Perl REGEXP example for quick text processing

A very useful recipe that facilitates communication with the command line is described here , but it was not possible to try it live, because under my system (OpenIndiana) there is no Go language compiler. So the idea arose to rewrite the specified program into a more universal language that definitely exists on any platform - Perl.

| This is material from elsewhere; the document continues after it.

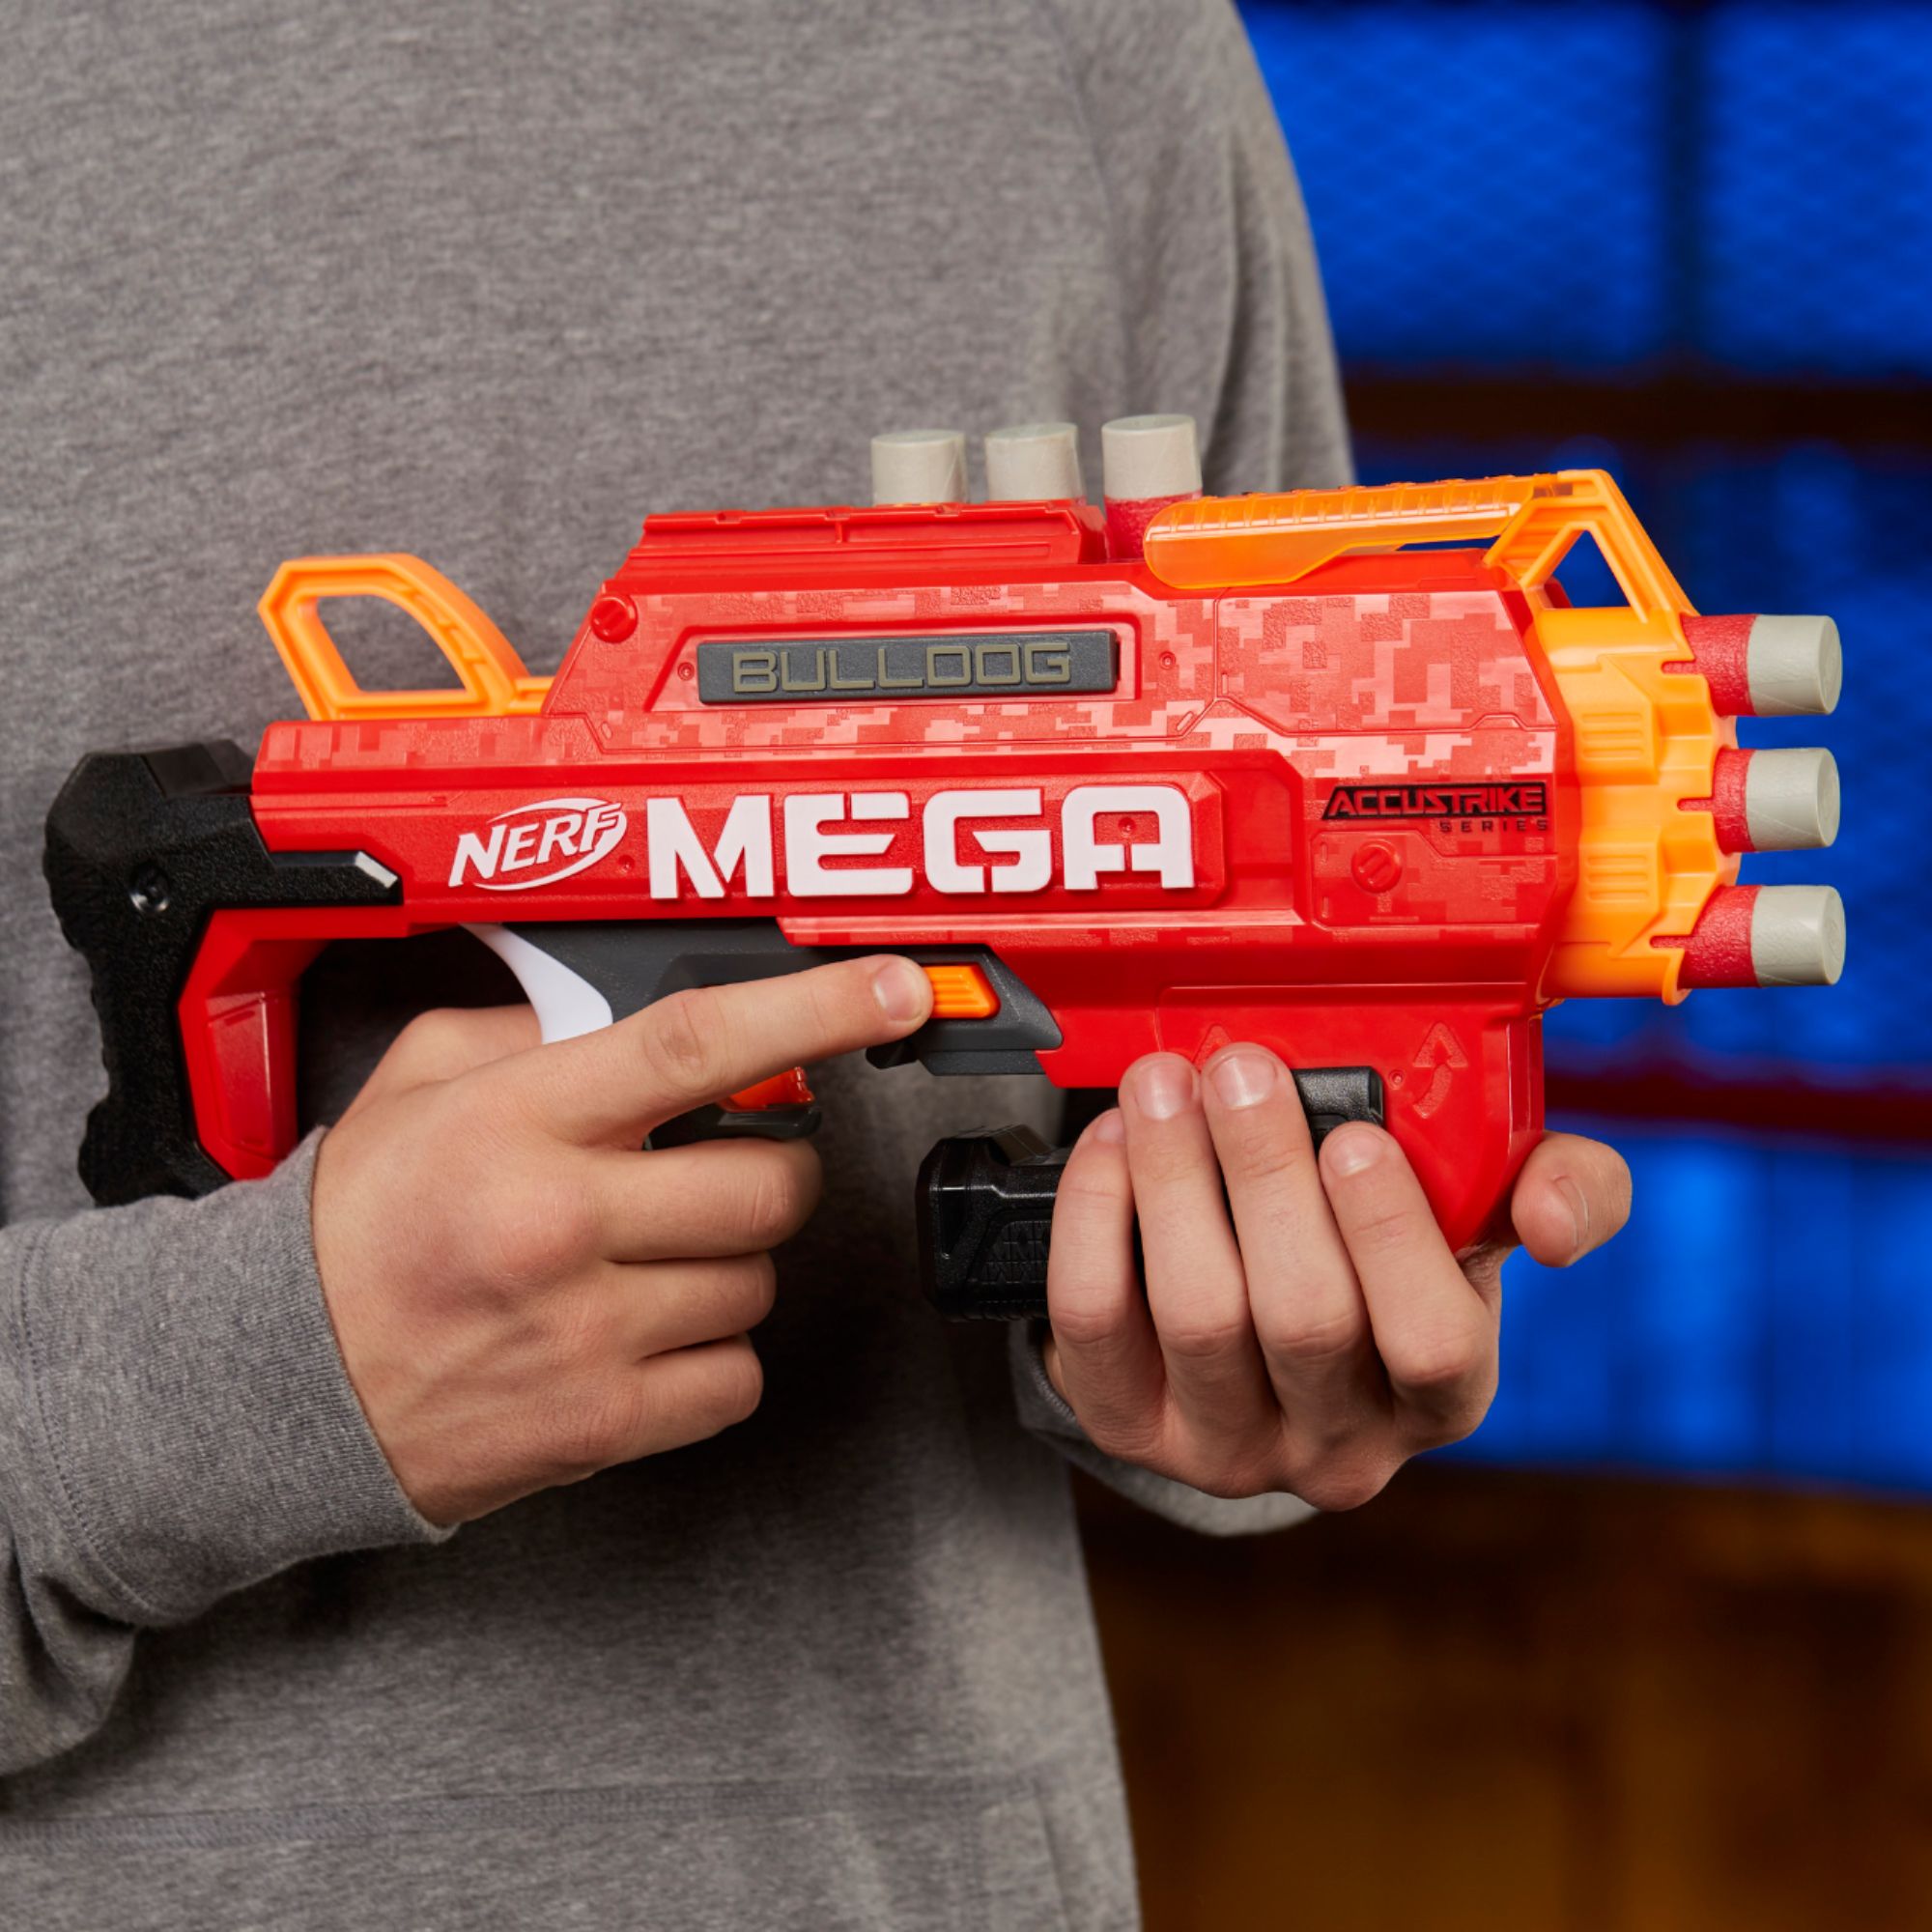 NERF Accustrike Mega Bulldog Blaster Hasbro BRAND 2 Modes for sale online

Using the resulting code example, I would like to demonstrate how you can perform a quick and effective search using a couple of lines using regular expressions.

Implementation


To begin with, we transform the hints passed in to the part of the future regular expression:

$hints =~ s/(.)/$1\.\*\?/g;

Here $ hints is the string glued from all the hints, for example, 'abcd'.
The expression for the search (.) Is a single character (each, given the search parameter 'g'), we replace it with ourselves ($ 1 is the value from the first brackets of the search expression) and add the parts we need, namely:

After each character we add a block : '. *?', which means: any character, zero or more times, and a marker that makes the modifier “not greedy” (more on that below).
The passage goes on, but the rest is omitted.